Tuesday, July 7, 2009

If You Blinked You Missed: Tales of Evil

Tales of Evil, which started life as Atlas/Seaboard's answer to DC's House of Mystery/House of Secrets/Witching Hour, et al ran for three issues from November 1974-April 1975. Edited by Larry Lieber, ToE (man, that sure takes the spookiness outta the title, dunnit?) began with no regular feature (making the first ish fit snugly into the "competent but dull" category), but added one with each successive issue in an effort to stand out and gain a more steady readership. Being an Atlas/Seaboard title published by Martin Goodman, no doubt a mandate came down to rip-off popular horror/mystery heroes of the day, hence we got Swamp/Man-Thing rip-off Bog Beast in issues 2-3 and Man-Monster, a horror hero with a bit more originality than the usual A/S fare in issue #3.
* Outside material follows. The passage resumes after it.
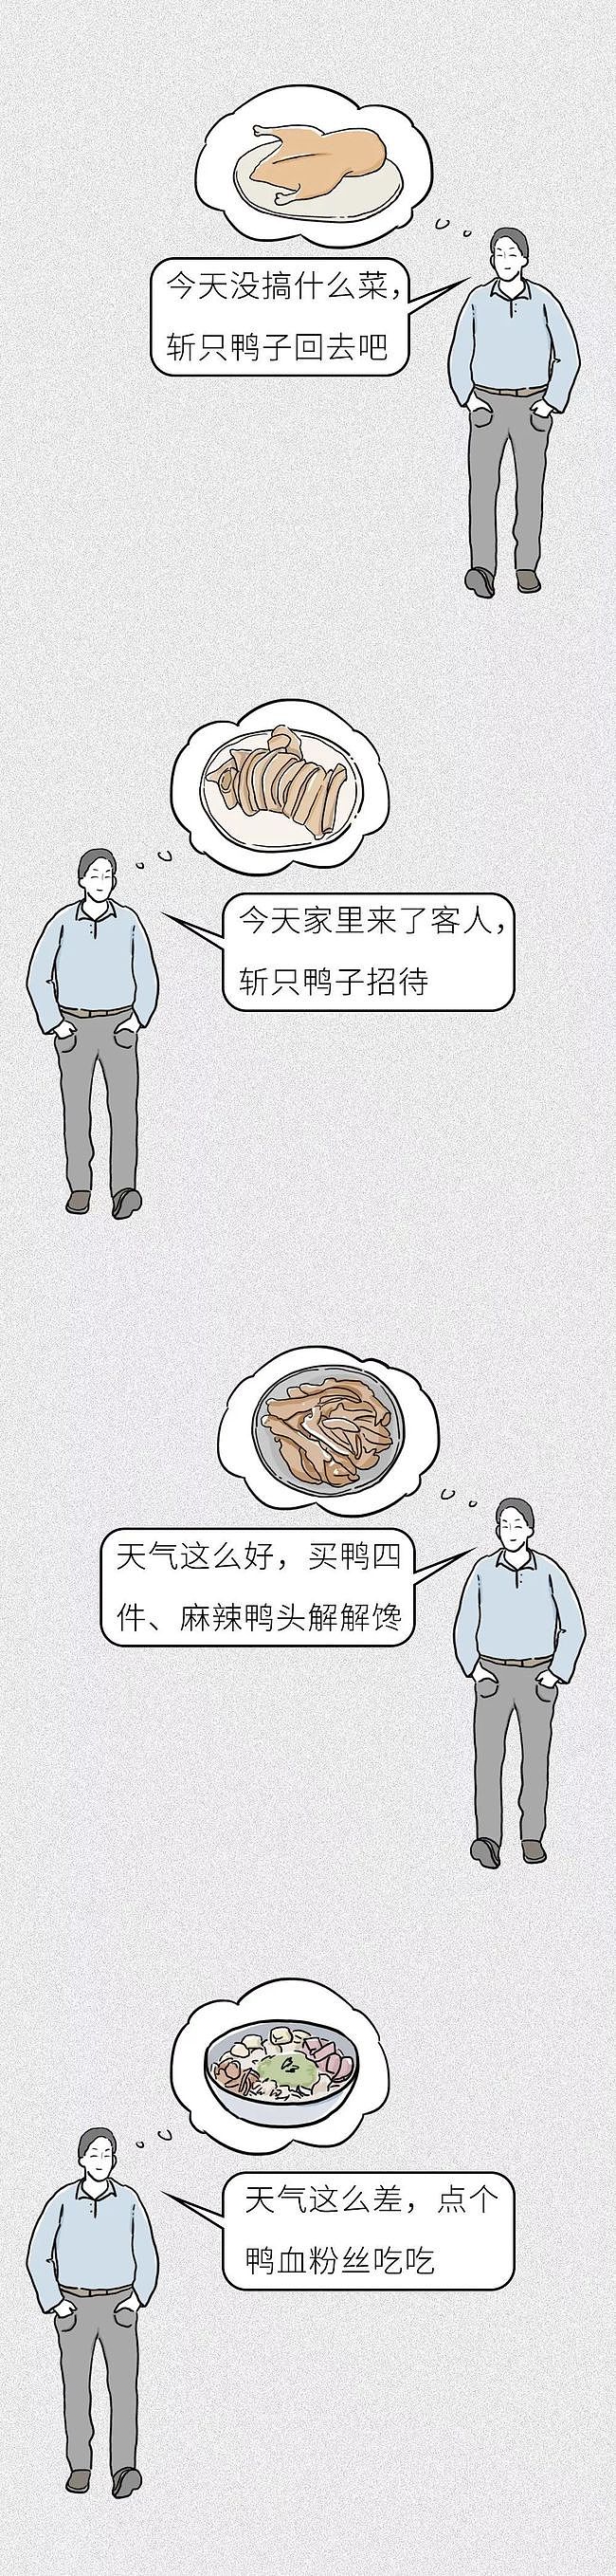 中国人减肥为什么那么难？看完我竟无言以对...... - 17

Bog Beast, the story of a creature from a subterranean society sent to the surface to study mankind was first brought to life by writer John Albano and artist Jack Sparling. BB has gotta be one of--if not the--grossest-looking "heroes" in the annals of comicbooks. Somebody at A/S had a lot of faith in BB, though, because he not only appeared in two issues of ToE, but in the second issue of their black and white Weird Tales of the Macabre, as well, with writer Gabe Levy and artist Badia Romero contributing all but the debut story. A couple of years ago, 20th Century Danny Boy uncovered an unpublished (in the U.S.) BB strip by Levy and Romero that had most likely been created for ToE #4 that had been published in an Australian comicbook, Fearful Spectres. Enough typing! Here's the scarlet swamp-monster's dazzling debut, "The Fifty Dollar Body!" from Tales of Evil #2!

With a name like Man-Monster, you'd think the following Rich Buckler/Tony Isabella/Gary Friedrich/Mike Vosburg collaboration from ToE #3 would be pretty generic. Well, it is and it isn't. The name, playing on the popular DC and Marvel monster heroes of the day like Man- bat, Man-Thing, and Man-Wolf, isn't all that original, I'll give ya a big 10-4 on that, good buddy. The premise about a regular guy uncontrollably turning into mindless, raging monster was old back in 1975, 'tis true. But, there really was some energy and originality going on in the mix. I mean, the guy gets turned into a monster by an undersea bacteria, for cryin' out loud! The villain, Hellblazer, is interesting and unusual enough. And Paul (Man-Monster) Sanders' strained relationship with his pop makes for some good, soapy drama. Naturally, after coming up with the series' coolest concept, Tales of Evil was cancelled. Hence the "never" under the "To Be Continued" blurb on the last page (kudos to the original owner for that witty bit of editorializing). Enjoy, Groove-ophiles!

1 comment:

  1. Loved these, especially Rich's Man-Monster & Demon Slayer rocked! Loved his FF, Deathlok, covers & Vampire Tales Morbius stories too!